With an effort, Eleanor banished Villiers and Lisette from her mind. For the moment she just wanted to trounce this ill-tempered, ill-mannered, miniature Villiers. There was something about him that she liked. For one thing, he had been completely uncowed by her mother's glare.

They were tied going into the final game. He threw a perfect round. She countered. They switched to left-handed throws. Luckily, she was actually left-handed. He threw another perfect round, and again she countered. He returned to his right hand, but with a handicap of a bent little finger. Finally he missed. It was her turn.

She threw the ball, scooped—and the sixth knucklebone slid, smooth as butter, under her spreading skirts. She closed her fingers around the bones.

"You won!" Tobias cried, looking utterly shocked. "But I never lose."

She took a second to savor her victory. "That's likely because you've never played a woman before."

"You think girls are better at knucklebones than boys?" She'd seen that jutting jaw before. Villiers had it. Well, every boy had it when they were confronted with an unpleasant reality.

"I'm better than you are," she pointed out. "Why shouldn't the two of us stand as emblems for our sexes?"

He thought his way through that language. "I've played lots of girls before," he reported. "And I always win."

"Pride goeth before a fall," she said. And then she relented, grinning at him. "I cheated."

"What?" His voice suddenly dropped a register, taking on, in its disbelief, his father's low voice.

She whisked aside her skirt and showed him the hidden jack. "You should always count the bones when someone claims victory."

"I do always count the bones!" he cried. "Well, normally. But you're a lady!" His voice swooped from high to low. He would have his father's deep velvet tones someday.

"Your mistake," she said cheerfully. "I cheated—but I still won. You tried to cheat and you lost.

When I decided to cheat, I won because you didn't see it."

Tobias narrowed his eyes. "You're a strange lady."

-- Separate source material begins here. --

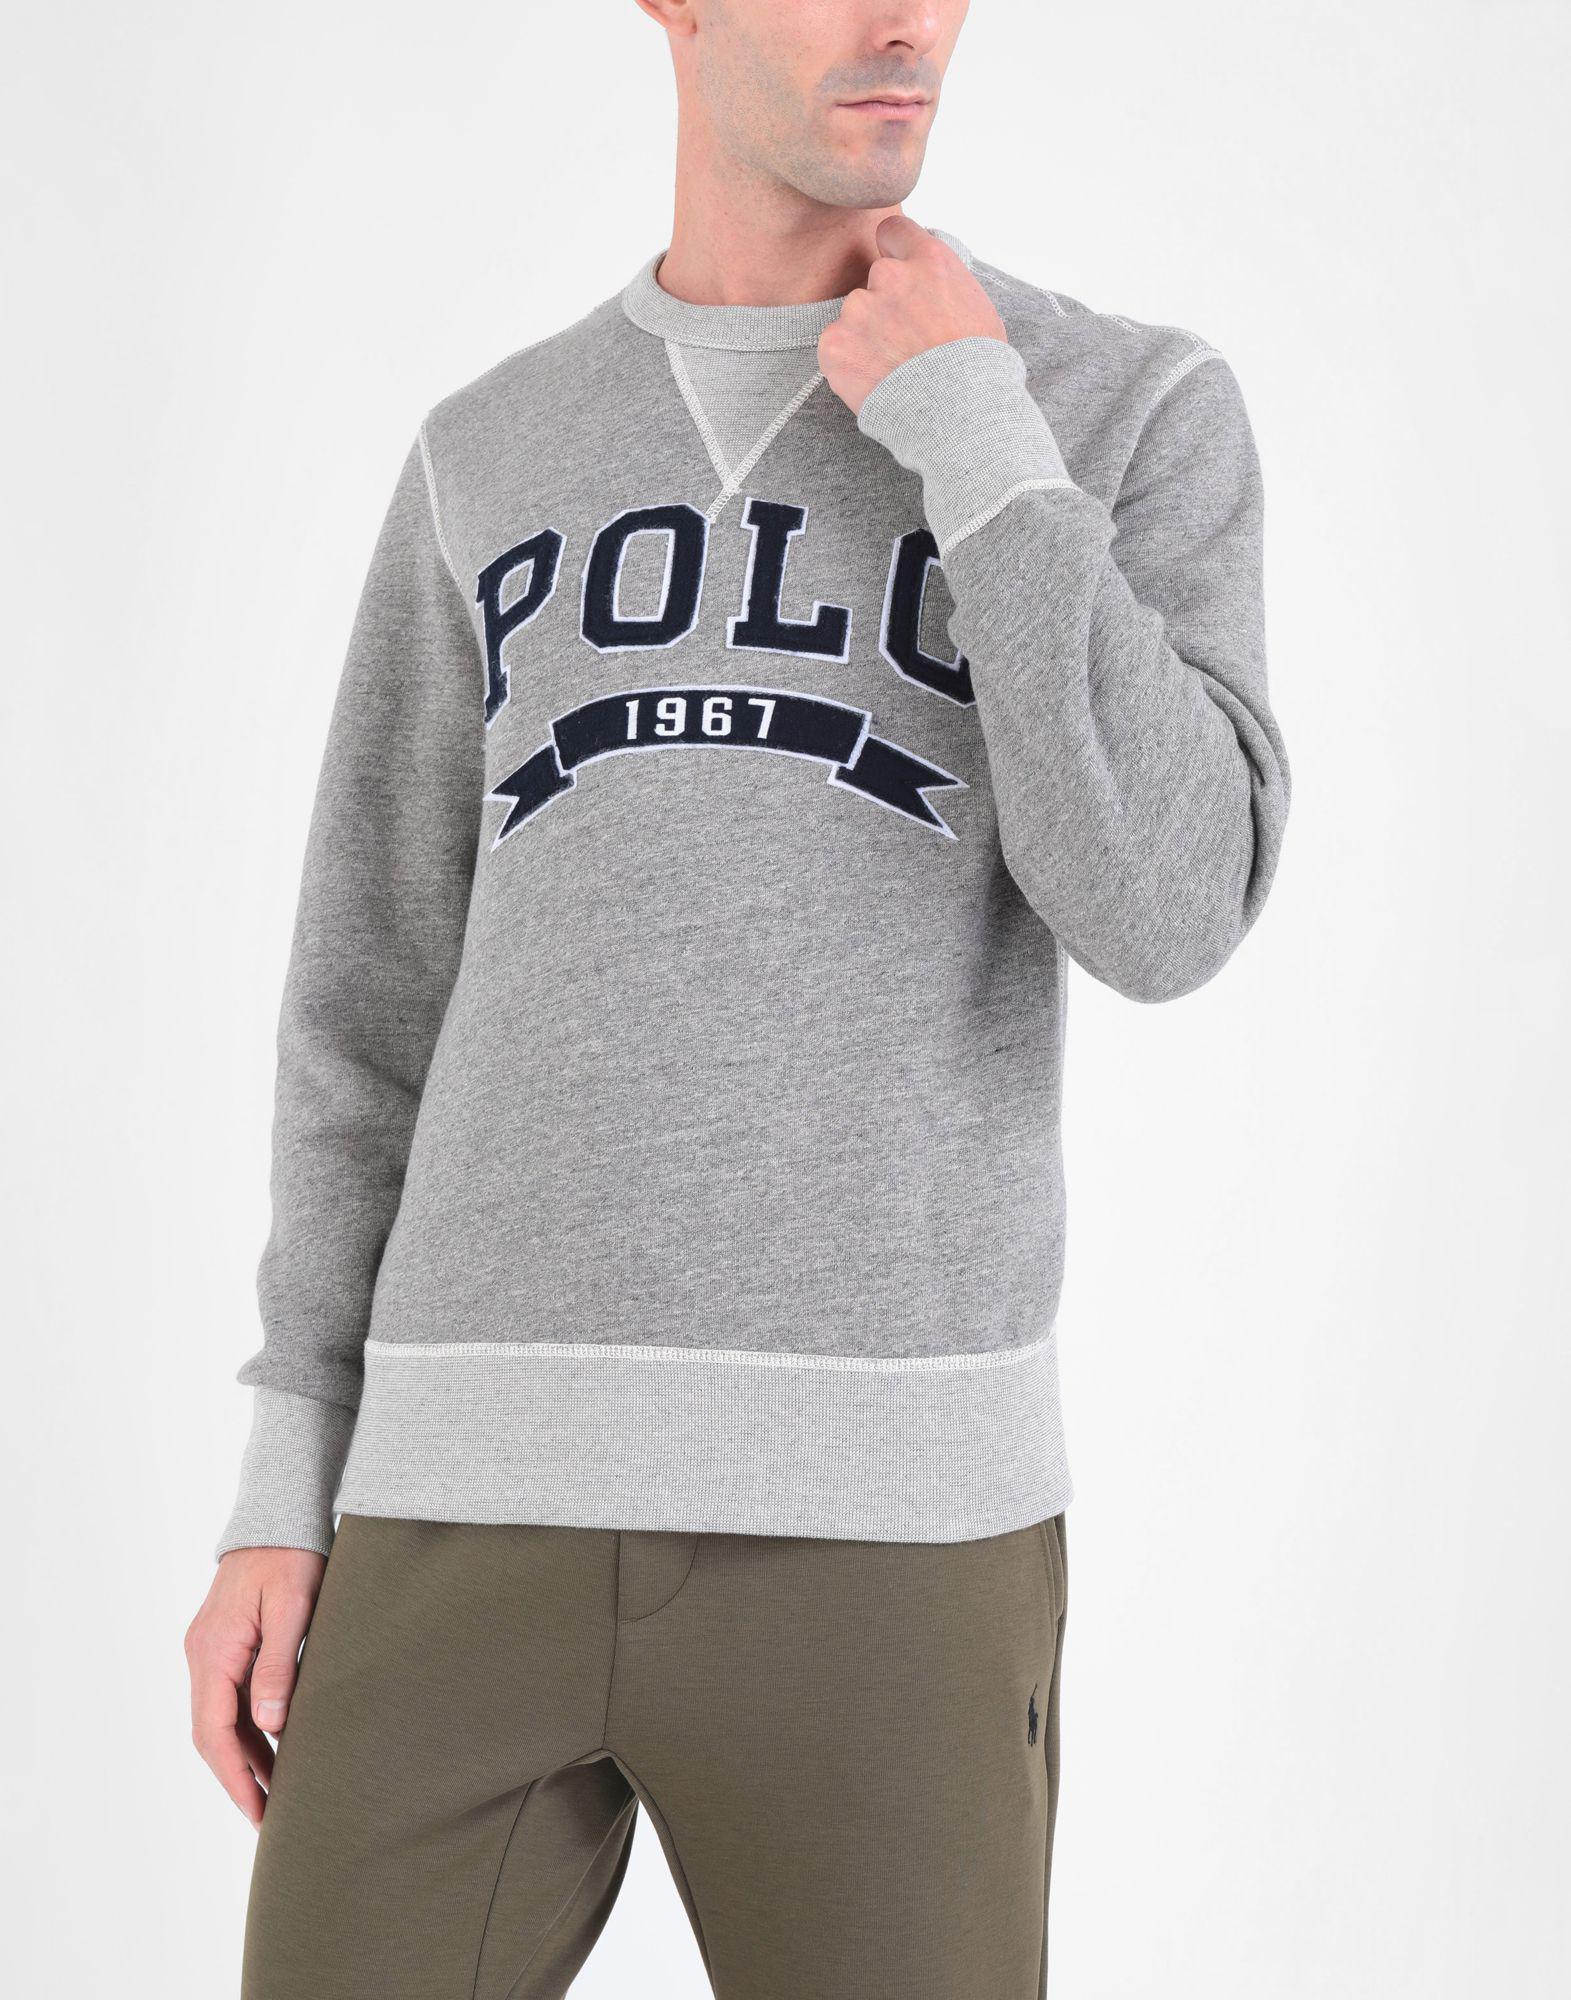 ad8b2d412190 Polo Ralph Lauren Cotton-blend-fleece Sweatshirt in Gray for Men - Save 70%  - Lyst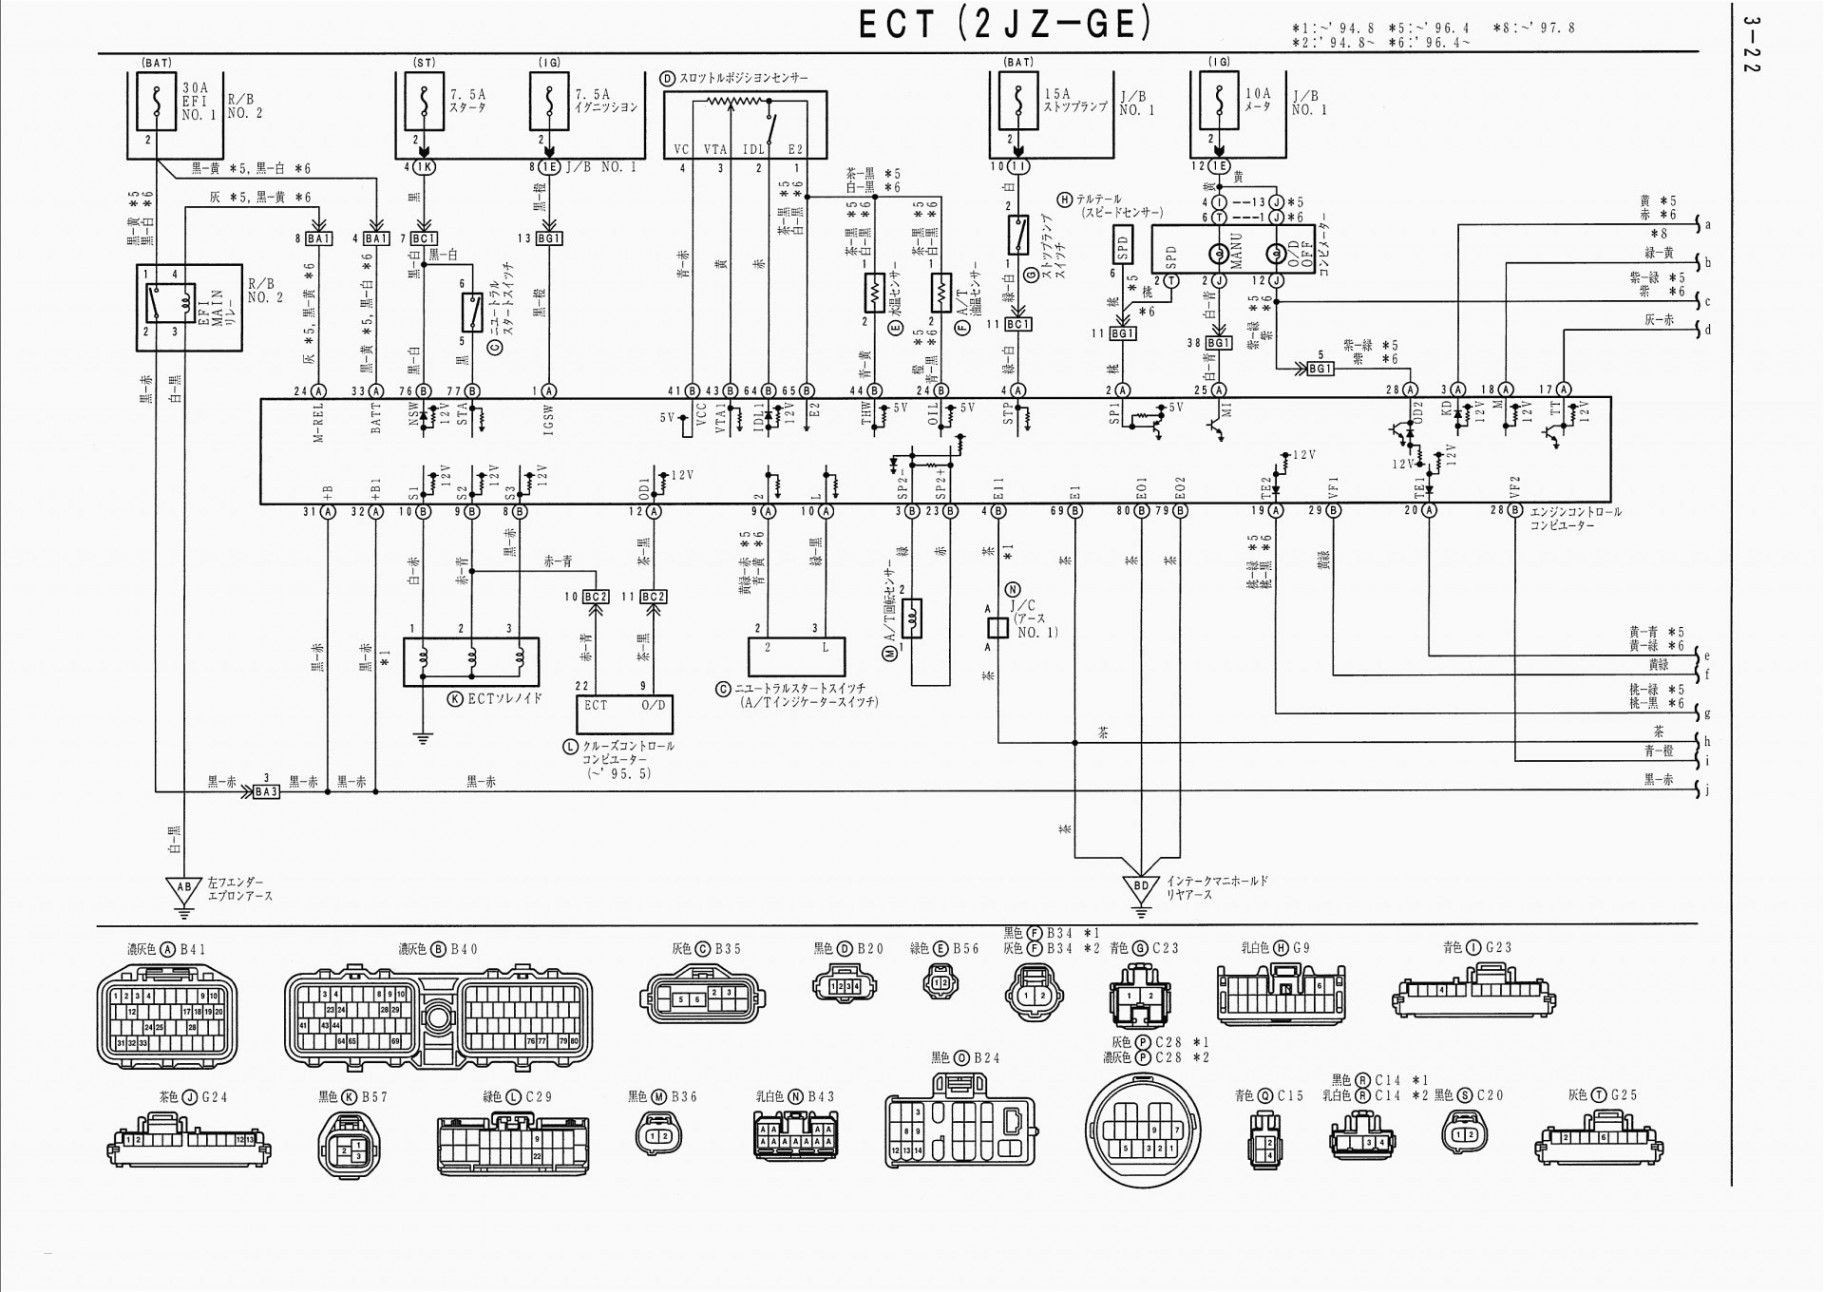 5.9 Cummins Diesel Engine Diagram Diagram Diagramsample Diagramformat Of 5.9 Cummins Diesel Engine Diagram

"Very strange," Villiers said from above her shoulder.

"I have thought Eleanor strange since our nursery days," Anne laughed. She sounded a little drunk.

"Tobias," Eleanor said, ignoring them, "do you suppose that you're strong enough to haul me into a standing position?"

He jumped to his feet. "You're not so large." He had decided to like her, she guessed. Now that she had cheated. Men were strange, no matter the age. "I'll be taller than you in a month or so."

"You're as boastful as my dog," she told him. Sure enough, he managed to get her to her feet. She twitched her skirts so they flowed over her panniers.

He was longing to tell her that she was crazy and that dogs didn't boast, so she put him out of his misery. "My dog Oyster is a terrible braggart."

"What does he boast about?" Tobias asked.

"His tail, for one thing. He loves his tail. The problem is that he can't see it because he's too fat. So he goes around and around, barking so that I realize how important and beautiful and special that tail is."

Tobias had clearly learned not to laugh, because he just watched her with those curious, intent eyes that reminded her of his father. It made her itch to comfort him, which was absurd.

"Second, Oyster is ridiculously proud of his ability to defend me."

"Defend you? The nursemaid told me that he was the size of a piglet."

"I have to admit that there may be a certain resemblance. But my point is that he thinks he's very fierce. Extremely so. He likes to pretend that the fire andirons are about to attack me. He creeps up, attacks them savagely, and manages to save my life."